* Instructions for the task: Although the data below contains pictures, please reproduce only its words, exactly.

* Source data:
· · · ·
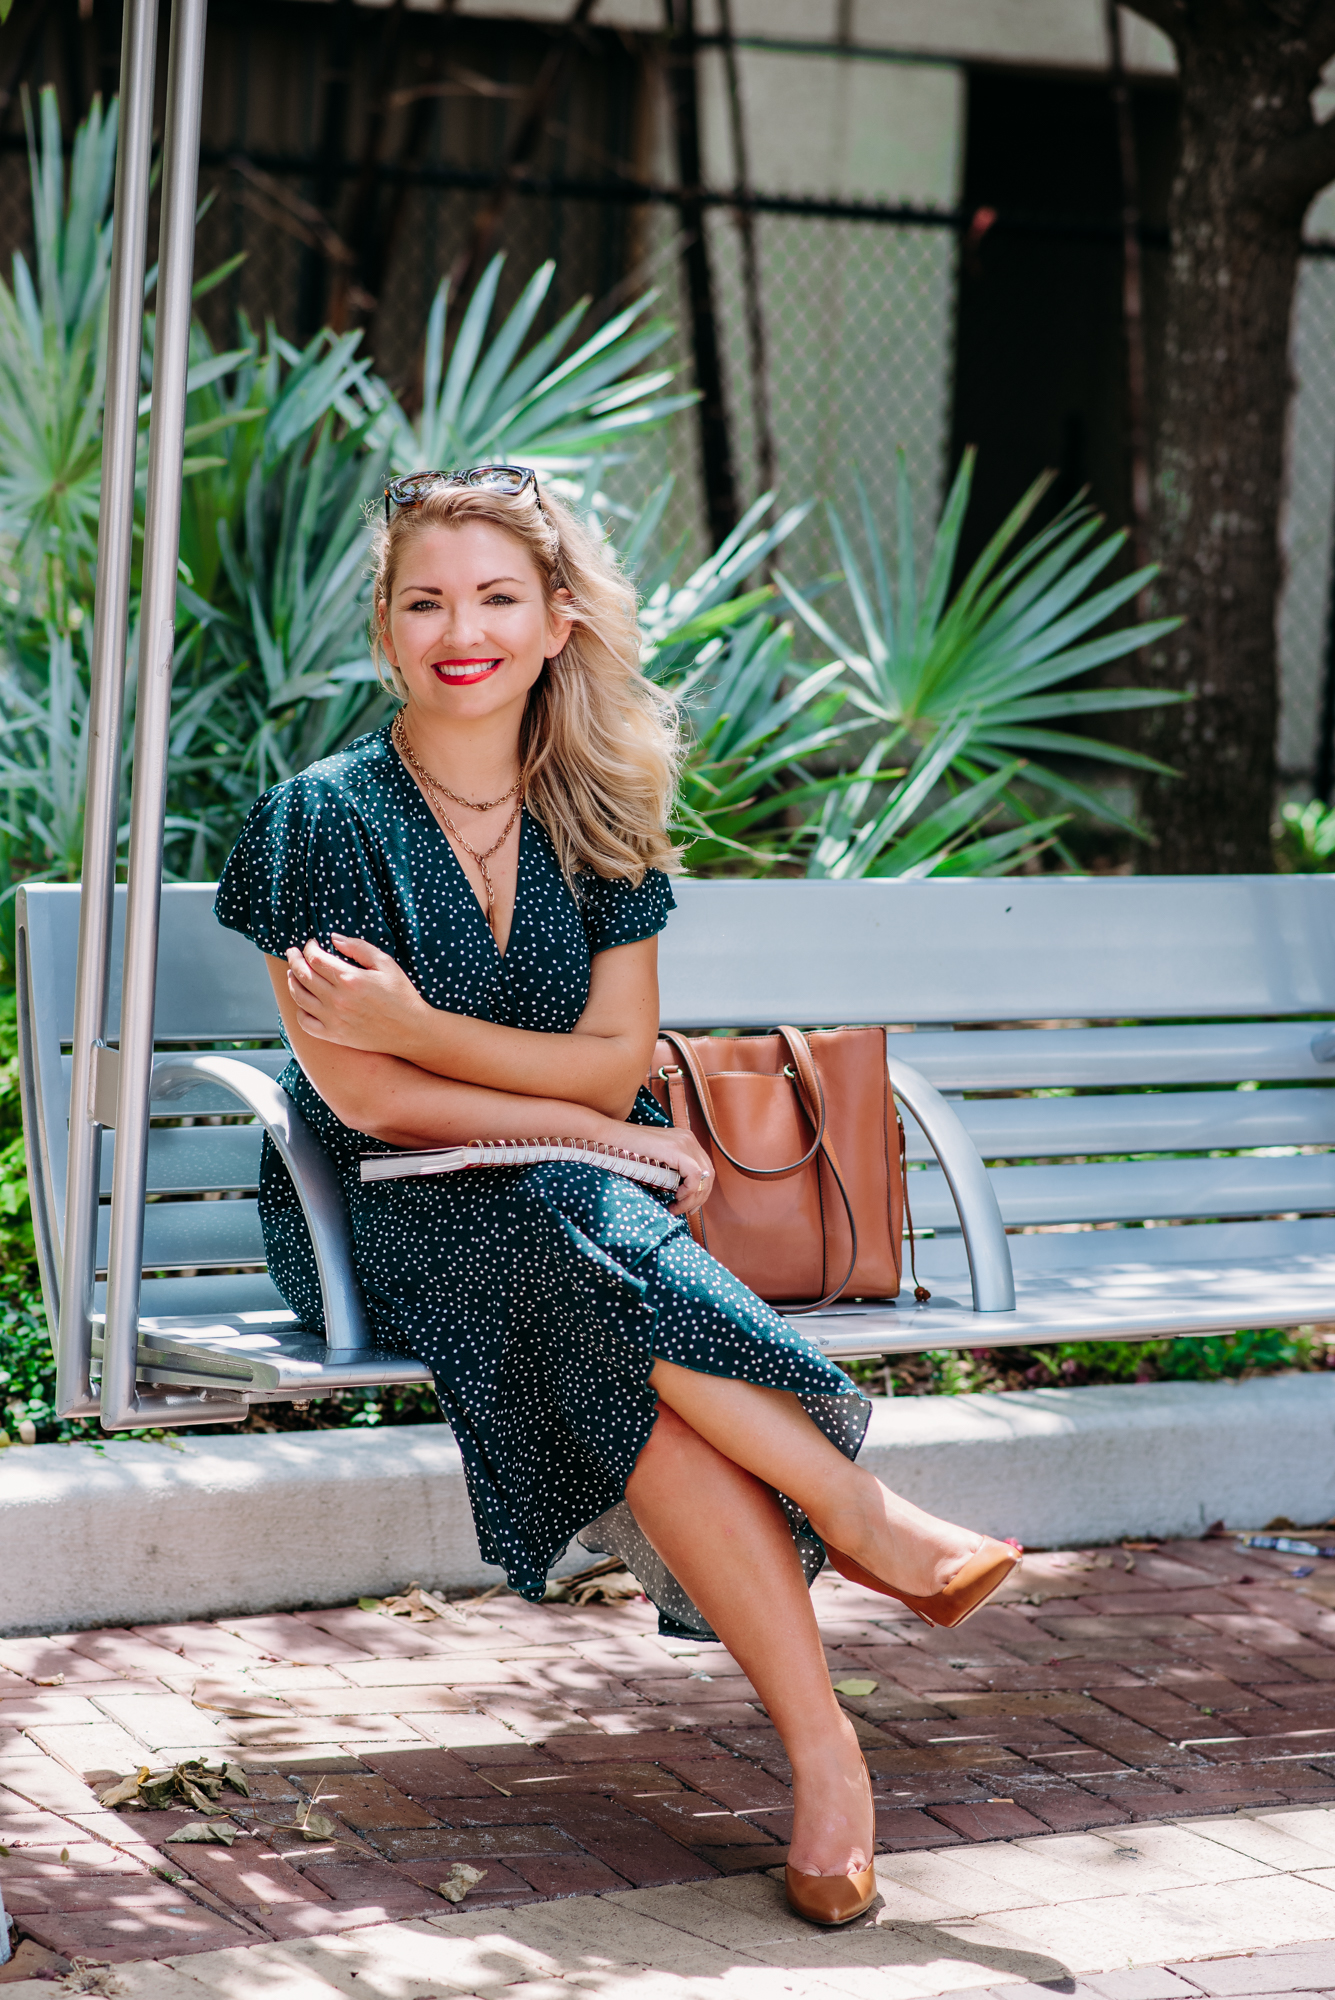 A life coach sitting on a bench in her personal brand photoshoot, confidently donning a stylish green polka dot dress.
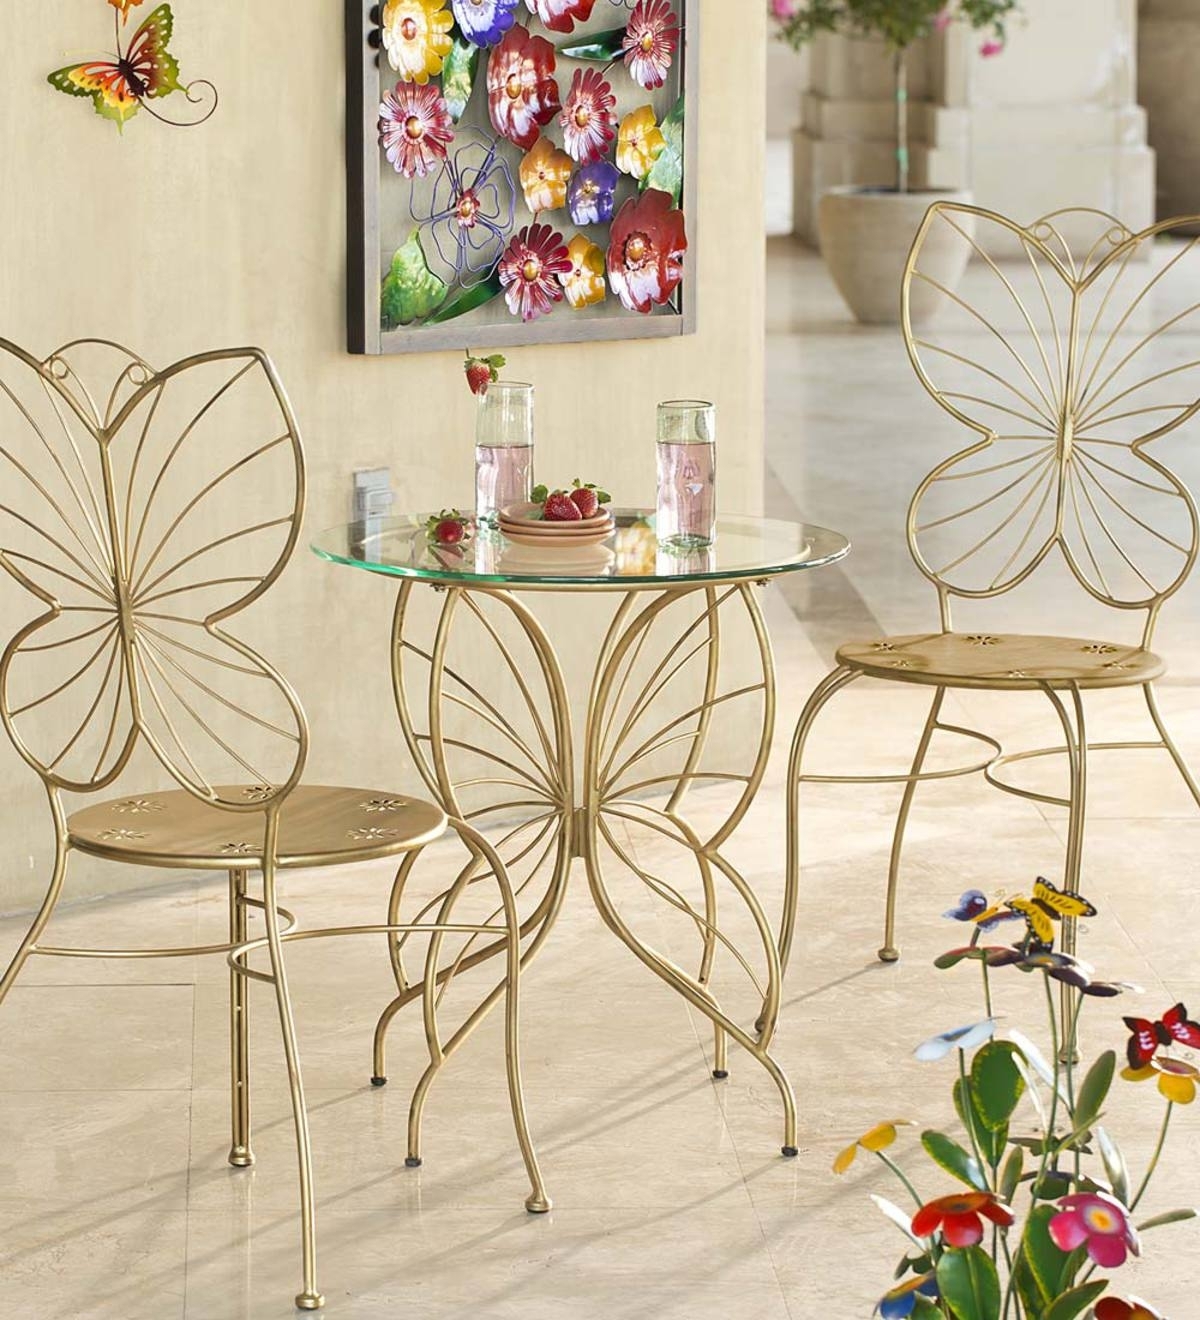 4 Pcs Metal Butterfly Wall Decor Hanging Decoration Butterfly Wall Art Sculpture Garden 3D Butterfly for Indoor Outdoor Backyard Living Room Bedroom Porch Patio Fence Home Decor 
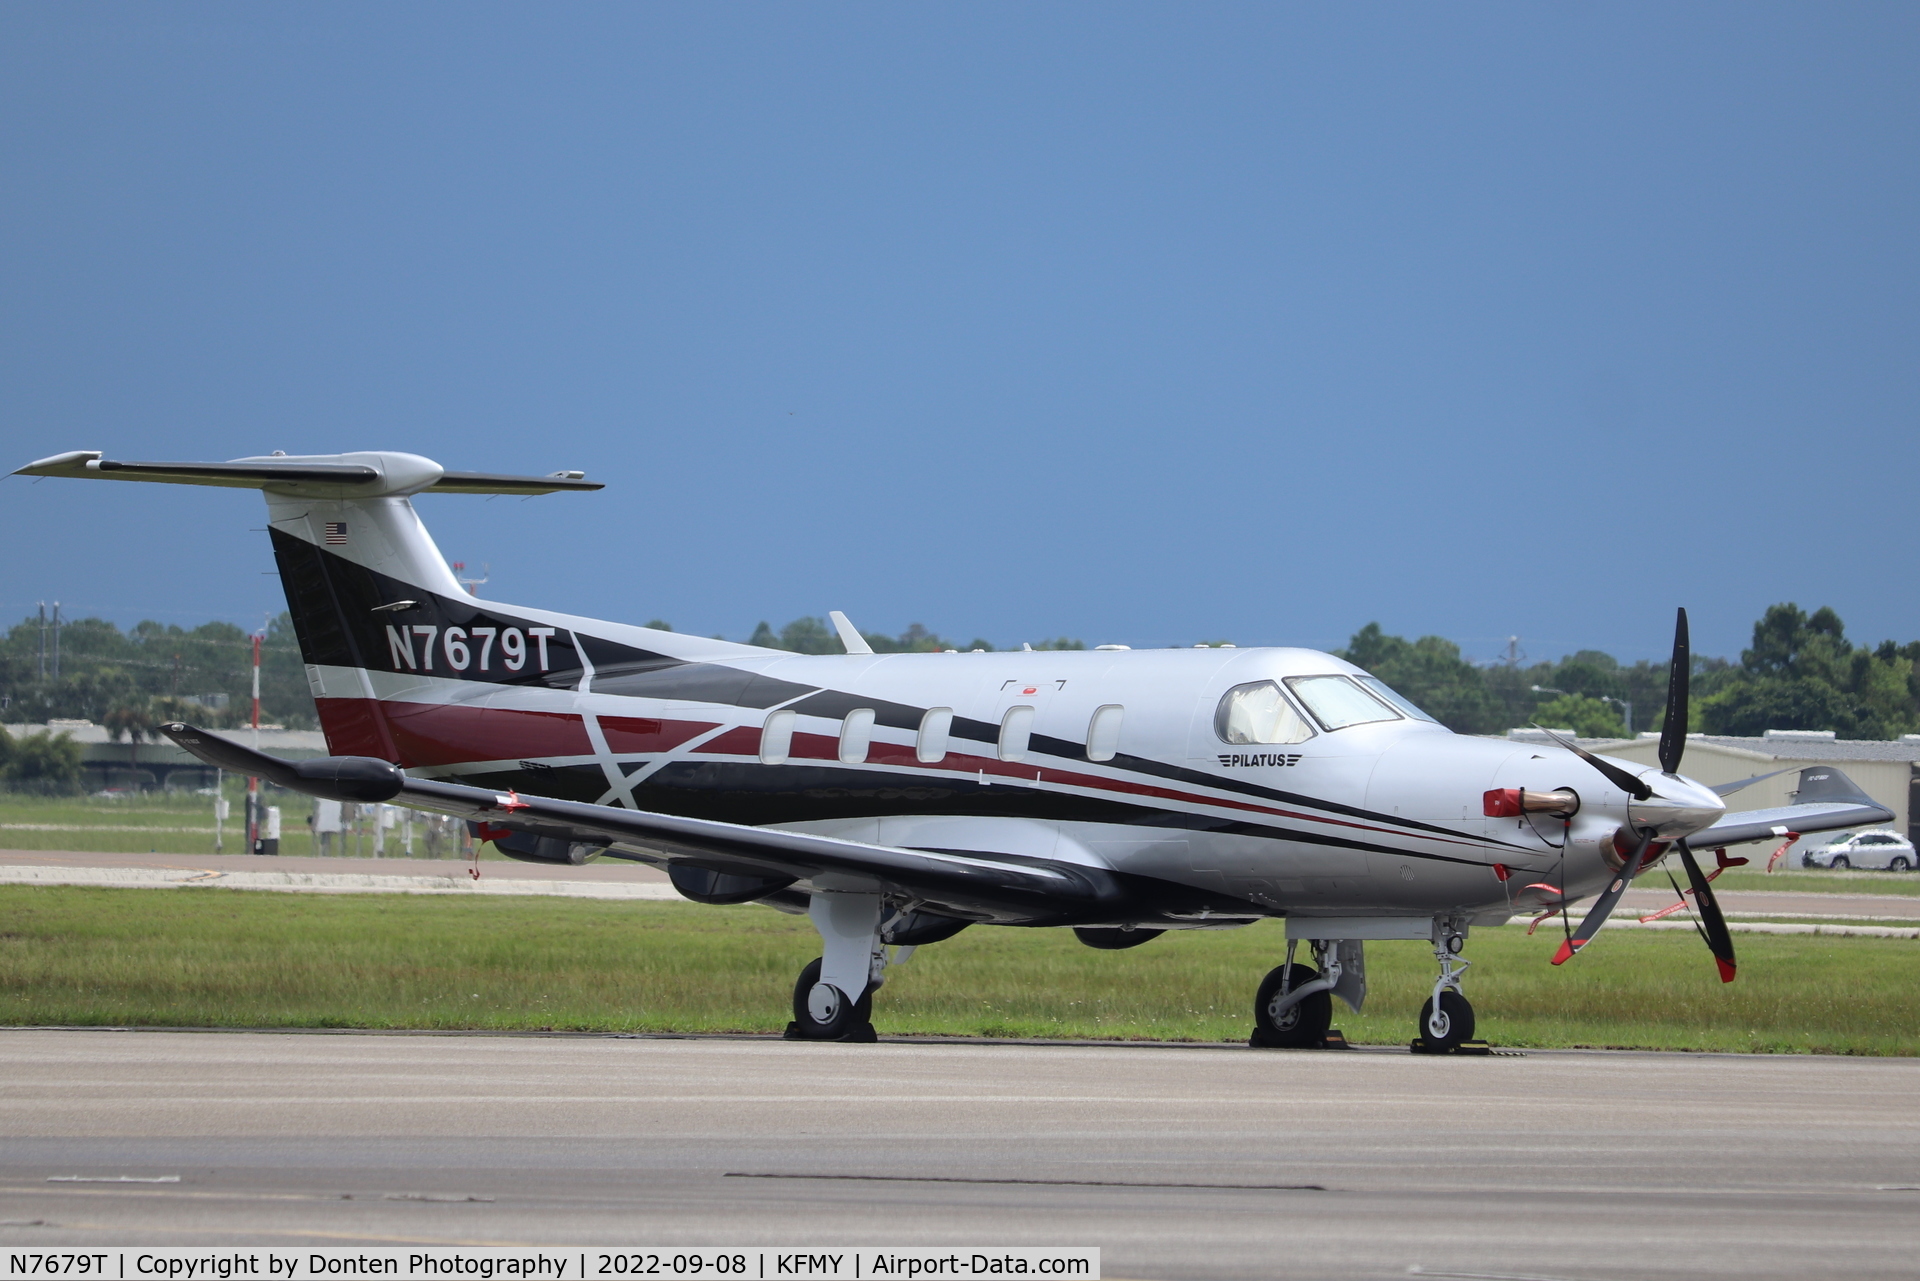 N7679T, 2015 Pilatus PC-12/47E C/N 1517, Pilatus PC-12 parked on the Base Ops ramp at Page Field
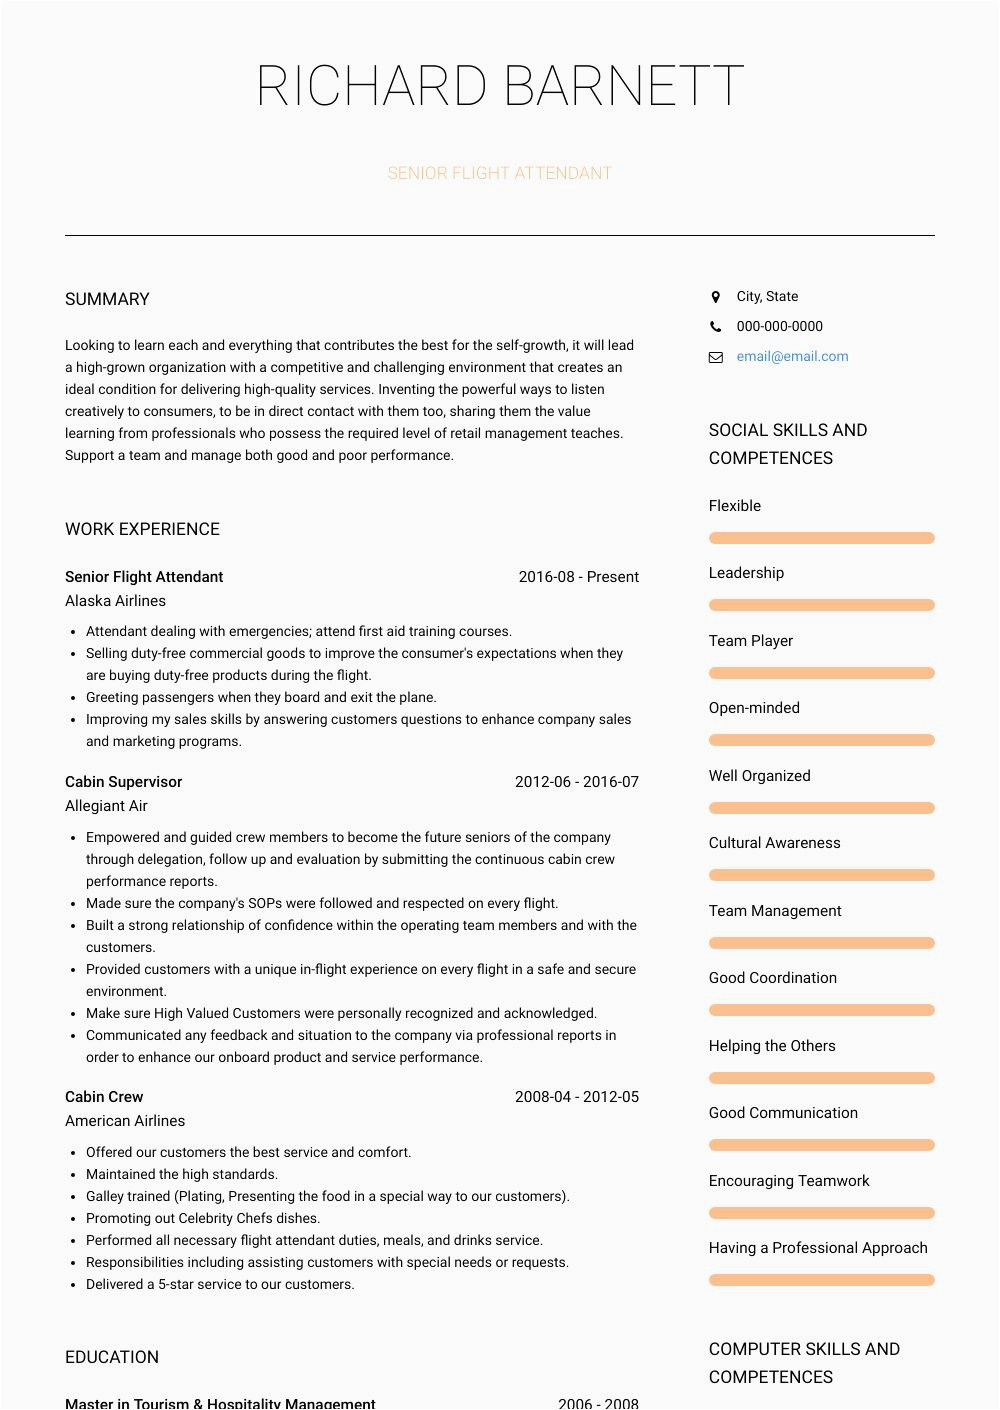 Sample Resume for A Customer for An Airplaneservice No Experience 25 Flight attendant Resume No Experience In 2020
· · · ·
* Solution for this task:
 A life coach sitting on a bench in her personal brand photoshoot, confidently donning a stylish green polka dot dress.
 4 Pcs Metal Butterfly Wall Decor Hanging Decoration Butterfly Wall Art Sculpture Garden 3D Butterfly for Indoor Outdoor Backyard Living Room Bedroom Porch Patio Fence Home Decor 
 N7679T, 2015 Pilatus PC-12/47E C/N 1517, Pilatus PC-12 parked on the Base Ops ramp at Page Field
 Sample Resume for A Customer for An Airplaneservice No Experience 25 Flight attendant Resume No Experience In 2020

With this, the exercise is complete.